UW News

April 10, 2008

Legislature: Restraint followed by more restraint

Editor’s note: This is one of a series of columns by Faculty Senate officials. J.W. Harrington is the faculty legislative representative.


The 2008 session of the state Legislature ended on schedule on March 13, after literally thousands of bills were winnowed to 341 that passed both chambers and went on to the Governor. The two political parties differ sharply on whether “restraint” is an appropriate characterization of the supplemental budget. However, from my perspective representing the UW faculty, fiscal and policy restraint prevailed.

Restraint can be good: let me begin this brief summary by noting “bad things that didn’t happen.” Measures were deleted that would have called for: common course numbering of many lower-division courses across all community colleges and public baccalaureate institutions; a single statewide law regarding campuses’ firearm policy (there were dueling bills calling for no guns versus no campus-specific restrictions on guns); and removing universities’ (and student governments’) authorization for tuition and fee increases.

Many things that UW administration and faculty wanted did not happen — due to fiscal restraint. These include funding for most of UW’s research initiatives, and a recruitment and retention salary pool. After a very impressive lobbying effort by the Washington Student Lobby, the Legislature funded a moderate state subsidy for child care for student parents (which would be one-quarter the amount that students currently tax themselves to subsidize child care). The Governor has vetoed that budget item: restraint followed by more restraint.

Among the positive actions for UW and faculty statewide: official faculty participation in the University committees that will develop and negotiate performance agreements with a central statewide board; partial funding for property purchase and land remediation at UW-Tacoma; partial funding for the “e-Science” initiative; and adoption of the Higher Education Coordinating Board’s strategic master plan.
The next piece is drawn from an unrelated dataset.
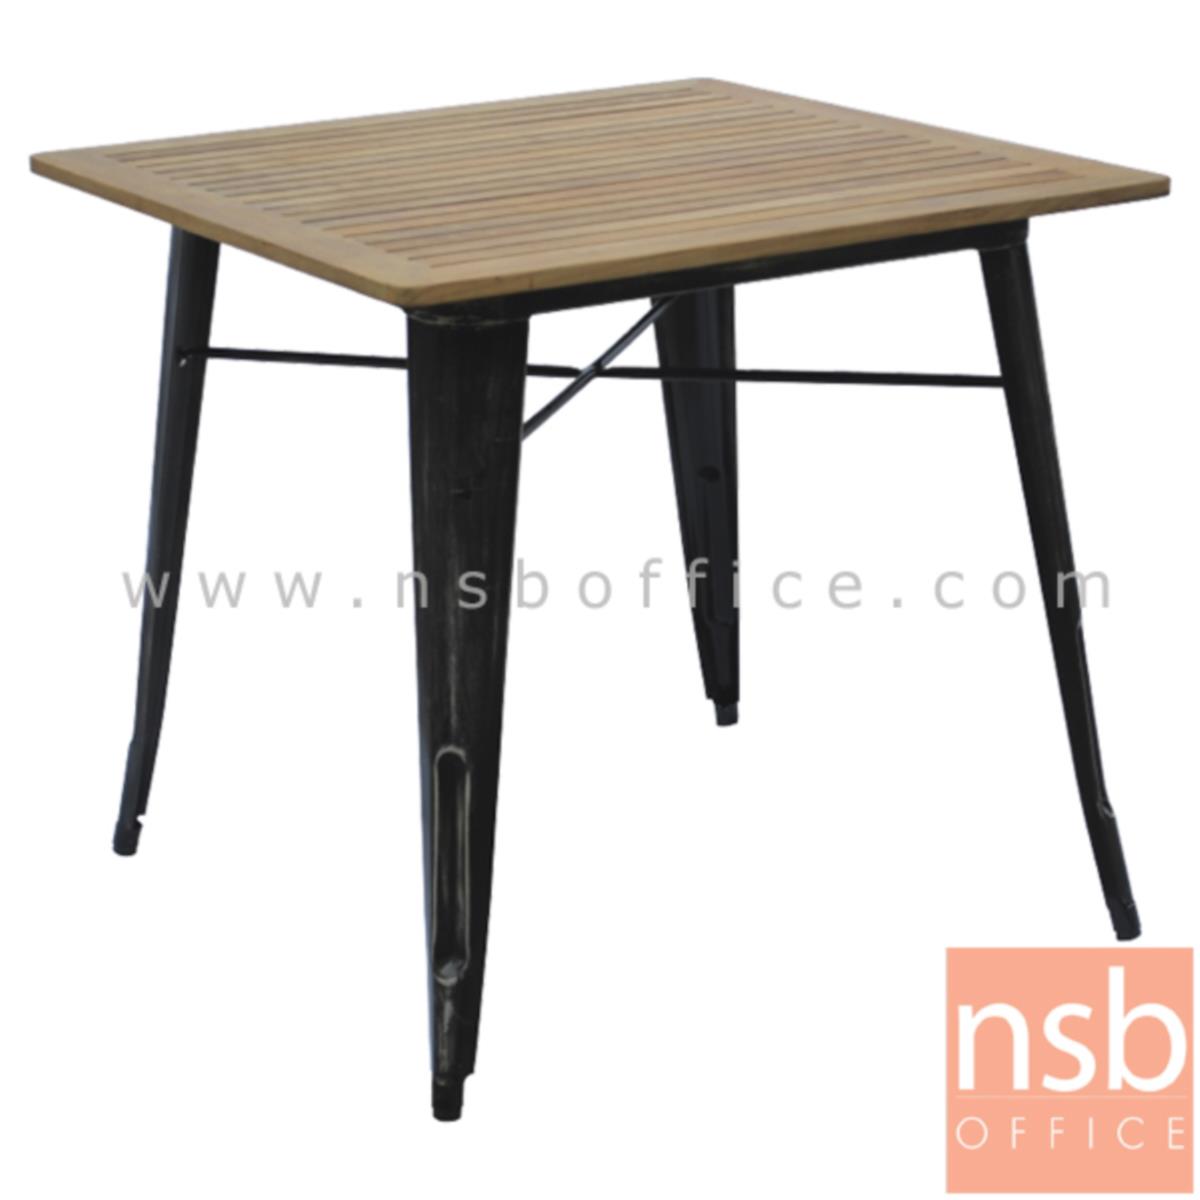 A14A038:โต๊ะไม้โมเดิร์น รุ่น PP94091  ขนาด 80W cm.  ขาเหล็กชุบโครเมี่ยม

As always, many issues are in my “to be continued” category. Political wrangling over location combined with severe budget concerns stifled the legislative push for a new UW campus in Snohomish County. The University’s request to give King County authorization to tax itself (if it so votes) for renovations to Husky Stadium was met with a plan for a “King County Projects Financing Task Force.” The statewide Council of Faculty Representatives (which I co-chair) will continue to press for gubernatorial appointment of faculty to universities’ governing boards. During the spring, our Board of Regents is to appoint two faculty representatives, suggested by the Faculty Senate, to an institutional committee that will propose performance measures and requests for funding and flexibility to the state, by the first of September.

I’ll pen a later column on plans for next year, the work for which begins now. Our 2009–11 biennial budget will be planned and negotiated in the midst of economic uncertainly and a gubernatorial campaign, even before the Legislature meets to work on it from January to April next year. I especially appreciate suggestions of strategy and compelling arguments in support of per-student funding increases, faculty salaries, graduate-student tuition stipends and child care support for faculty and staff.

Anyone who’s read this far probably has many questions. Please contact me at JWHarringtonJr@Gmail.com.  

I’ll end with a farewell to Representative Helen Sommers, who represents the 36th District (Queen Anne, Magnolia, Ballard, Crown Hill). Rep. Sommers has been a strong chair of the House Appropriations Committee and a friend of the University of Washington; she’s announced her retirement at the end of this term.